Estimating the standard deviation

  $\begin{array}{c}SE\left({\widehat{p}}_A-{\widehat{p}}_B\right)=\sqrt{\frac{p_A{q}_A}{n_A}+\frac{p_B{q}_B}{n_B}}\\ =\sqrt{\frac{0.75\left(1-0.75\right)}{112}+\frac{0.61\left(1-0.61\right)}{108}}\\ =\sqrt{\frac{0.75\left(0.25\right)}{112}+\frac{0.61\left(0.39\right)}{108}}\\ =0.0622\end{array}$

For a 95% confidence level, $z^{\ast }=1.96$ , so

  $\begin{array}{c}ME=z^{\ast }\times SE\left({\widehat{p}}_A-{\widehat{p}}_B\right)\\ =1.96\times 0.0622\\ =0.1220\end{array}$

So, the 95% confidence interval is

  $\begin{array}{c}\left({\widehat{p}}_A-{\widehat{p}}_B\right)\pm ME=\left(0.75-0.61\right)\pm 0.1220\\ =0.14\pm 0.1220\\ =\left(0.0169,0.2609\right)\end{array}$

95 percent confidence interval for the proportion difference of people who received treatment A and said that this pain reliever was beneficial and that this pain reliever was beneficial for people who received treatment B and said it was effective (0.0169. 0.2609).

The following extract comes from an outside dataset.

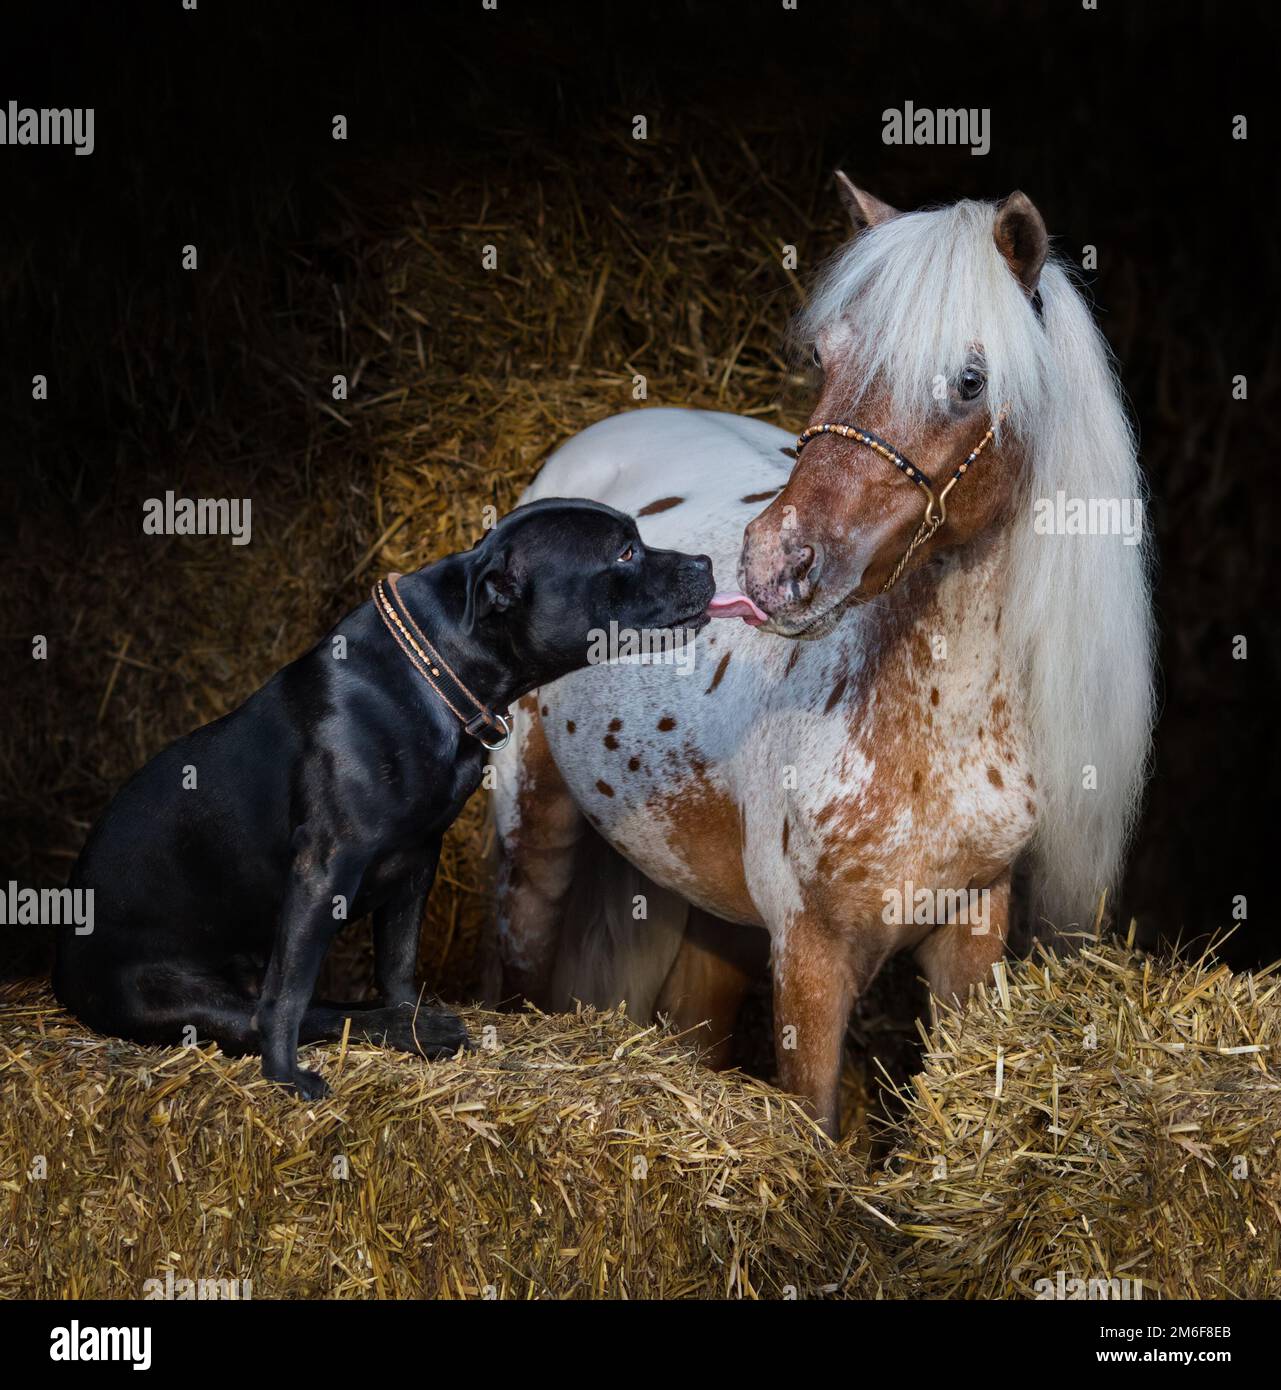 Staffordshire Bull Terrier Hund und Appaloosa amerikanisches Miniaturpferd auf Stroh im Stall. Konzept der Kommunikation verschiedener Tiere. Stockfoto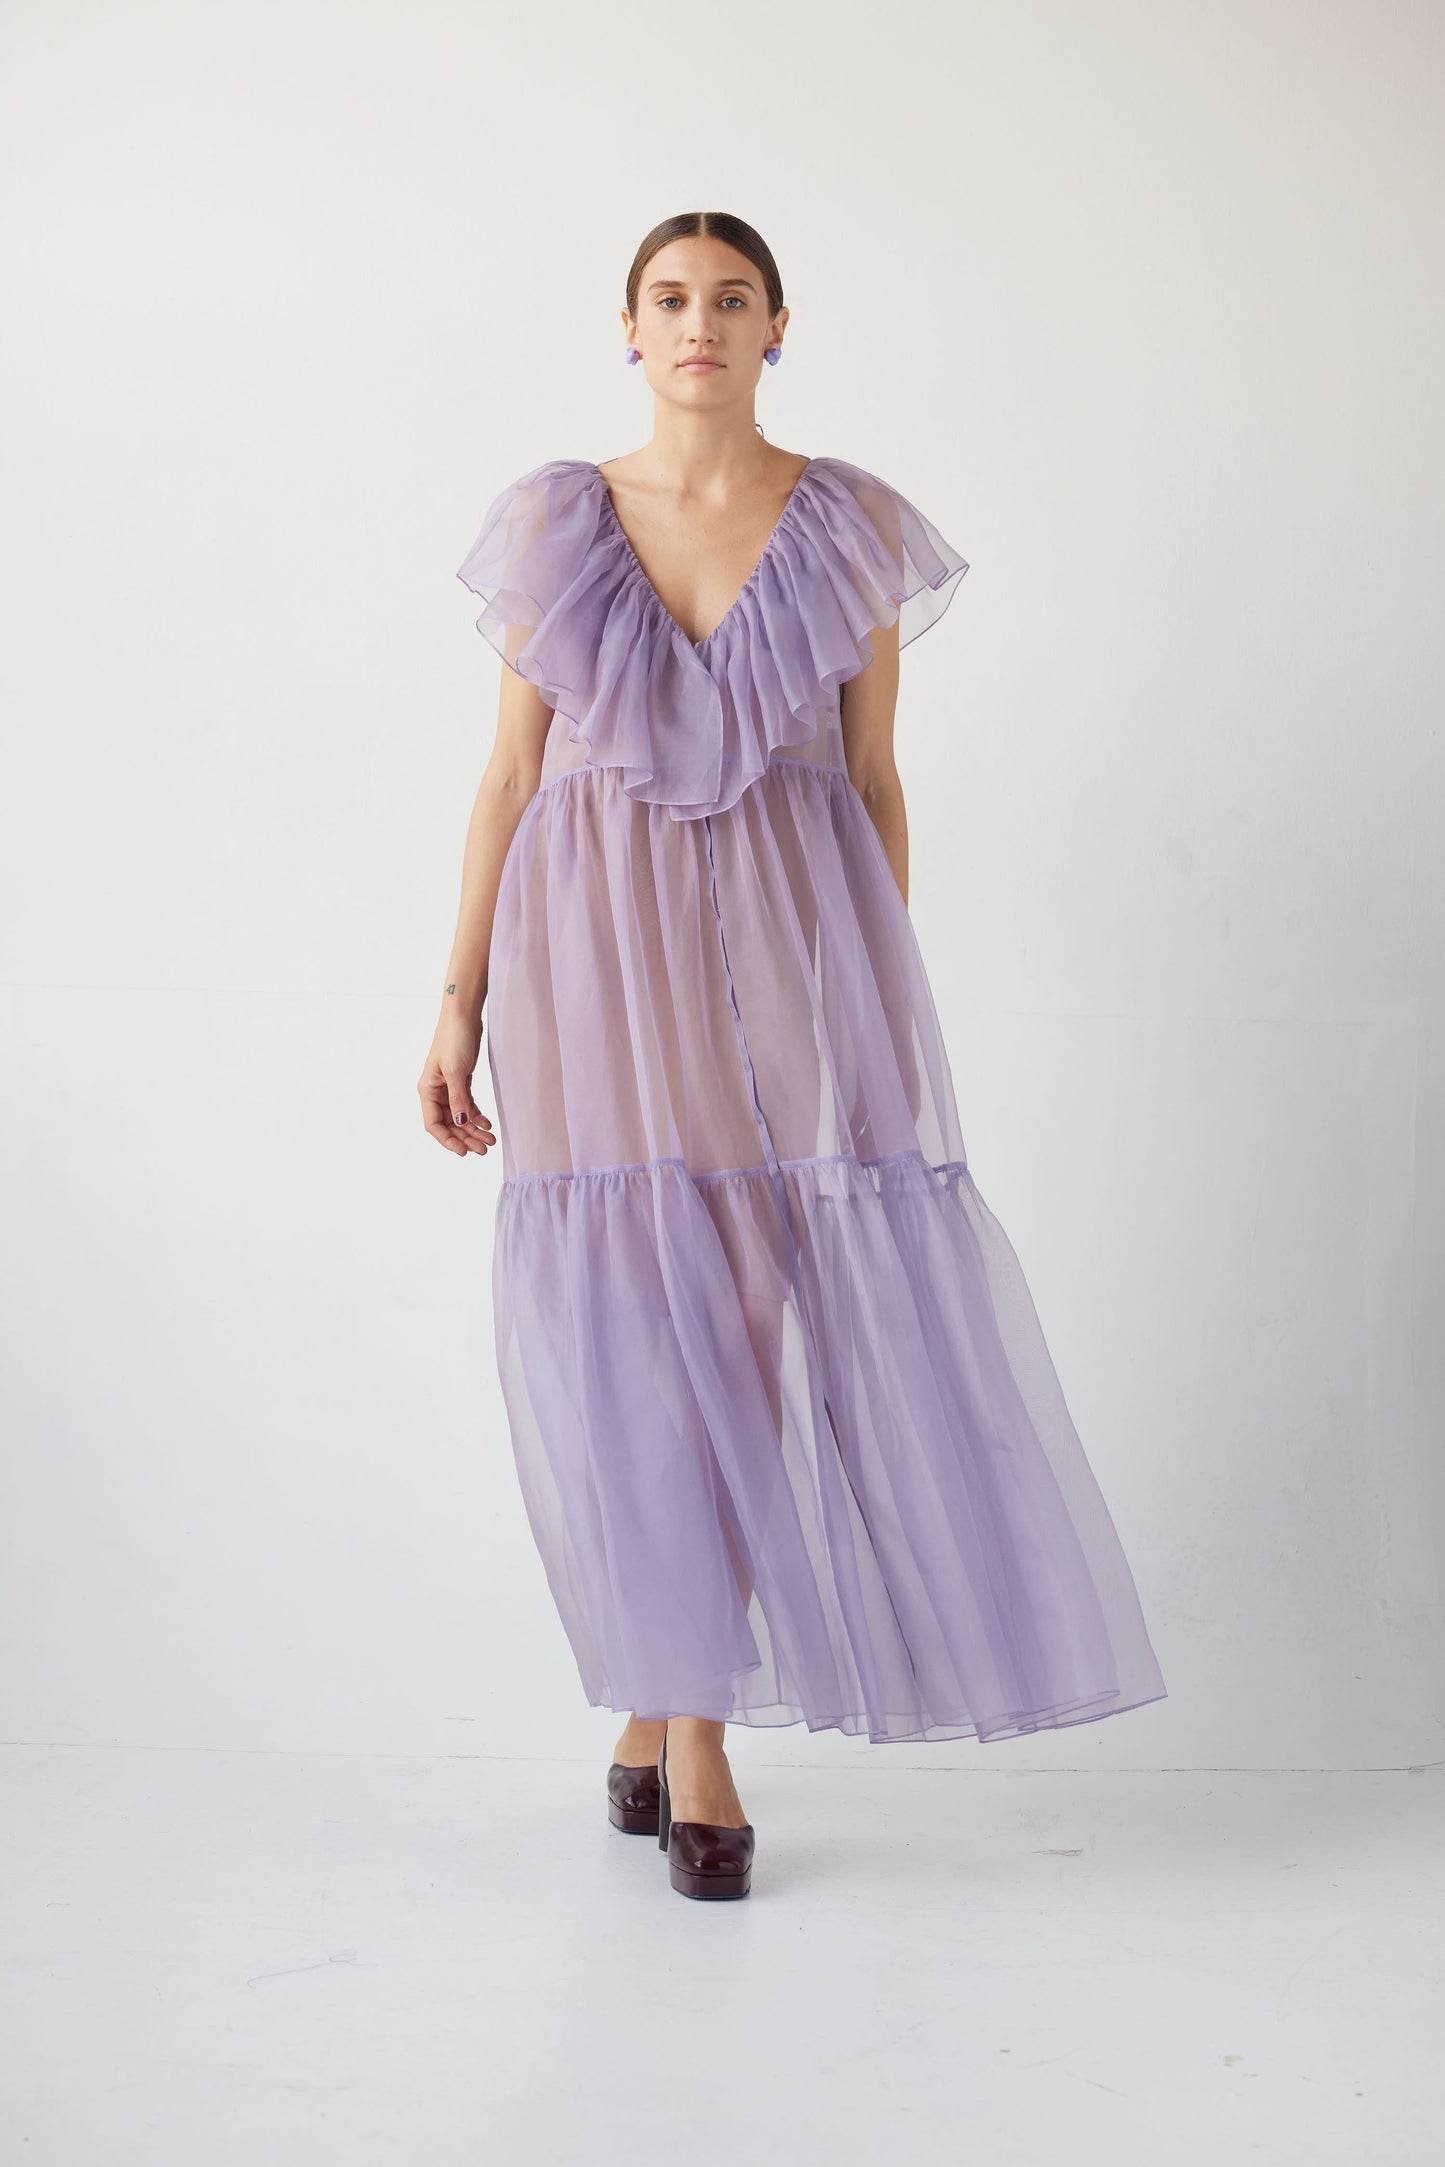 Papillon Dress in Silk Organza Dresses Christine Alcalay Wisteria Organza XS/S

This indicates that 1.7% to 26% more users explore that treatment A is safe.

(e)

To determine

To Explain: about the including the zero in the interval and the meaning of this.

Explanation of Solution

No, 0.0 is not included in this interval. This means 0 is not the difference 's probable value. it might assume that the efficacy of treatment A and treatment B for joint pain differ.

(f)

To determine

To Explain: the reason that the results in part (c) and (e) looks contradictory, if want to compare the effectiveness of these two pain relievers and the find the correct approach.

Explanation of Solution

There is required to need to estimate the standard deviation of the difference if there is required to estimate the difference in the proportions of individuals that will find these treatments successful. The difference cannot be explained by two separate confidence intervals. If there is required to evaluate the efficacy of these two pain relievers, the two-sample method is the right strategy.